Distinguished between price elasticity of demand and cross elasticity ...
Price elasticity of demand is the demand of a particular product in response to the change in the actual price, means how much change in the price affects the demand for goods and services while other factors are constant. for calculating the price elasticity of demand we should divide the change in the quantity that is demanded by the change in the price. There is two type of elasticities, one is elastic and second is inelastic.
- Elastic Demand: Elastic demand is when the consumer responds more to the price being changed of a particular good.
- Inelastic Demand: Inelastic Demand is when there is little or no change in the demand for a product when there is a change in the price.
Price Elasticity of Demand = Percentage change in the quantity demanded/ percentage change in the price.
Cross elasticity of demand is responsible for measuring the actual change in the demand for one product because of the price change of another product. Means if a particular product has a substitute and it's price increases so the demand of the substitute will increase.

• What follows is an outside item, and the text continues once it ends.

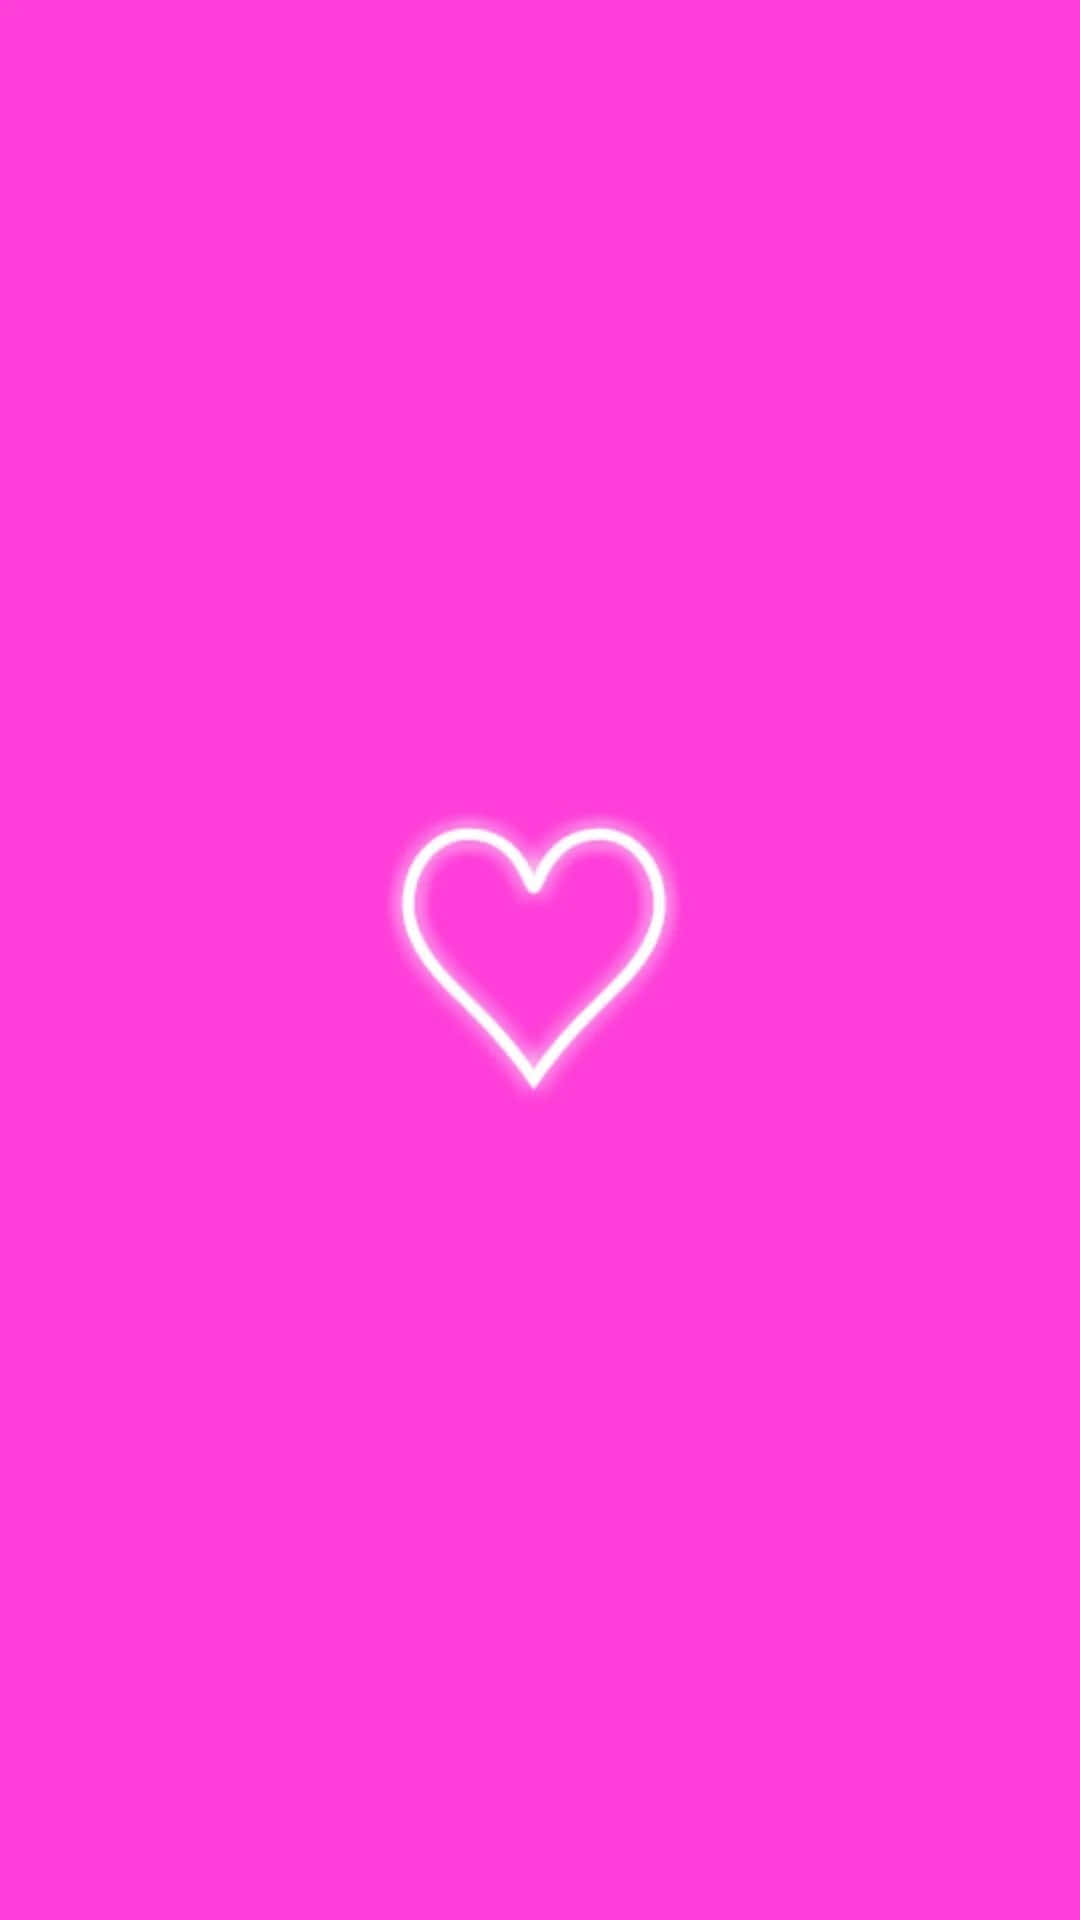 A Heart Shaped Neon Light On A Pink Background

Cross elasticity of Demand = Percentage change in the quantity that is demanded of commodity A/ Percentage change in the price of commodity B.
Attached is the graphical representation of price elasticity of demand as well as cross elasticity of demand.
Price elasticity of demand is useful in the decision making of the firms because it affects the demand for the products which in return affects the revenue of the firm. If the demand is elastic and the firm changes a price of a product then there will be a huge change in the demand which in return will result in the loss and there will be less revenue generation. So decisions are made considering the elasticity or inelasticity of a product, that if the price changes how much demand will be affected and how much difference will it make to the revenue of the company.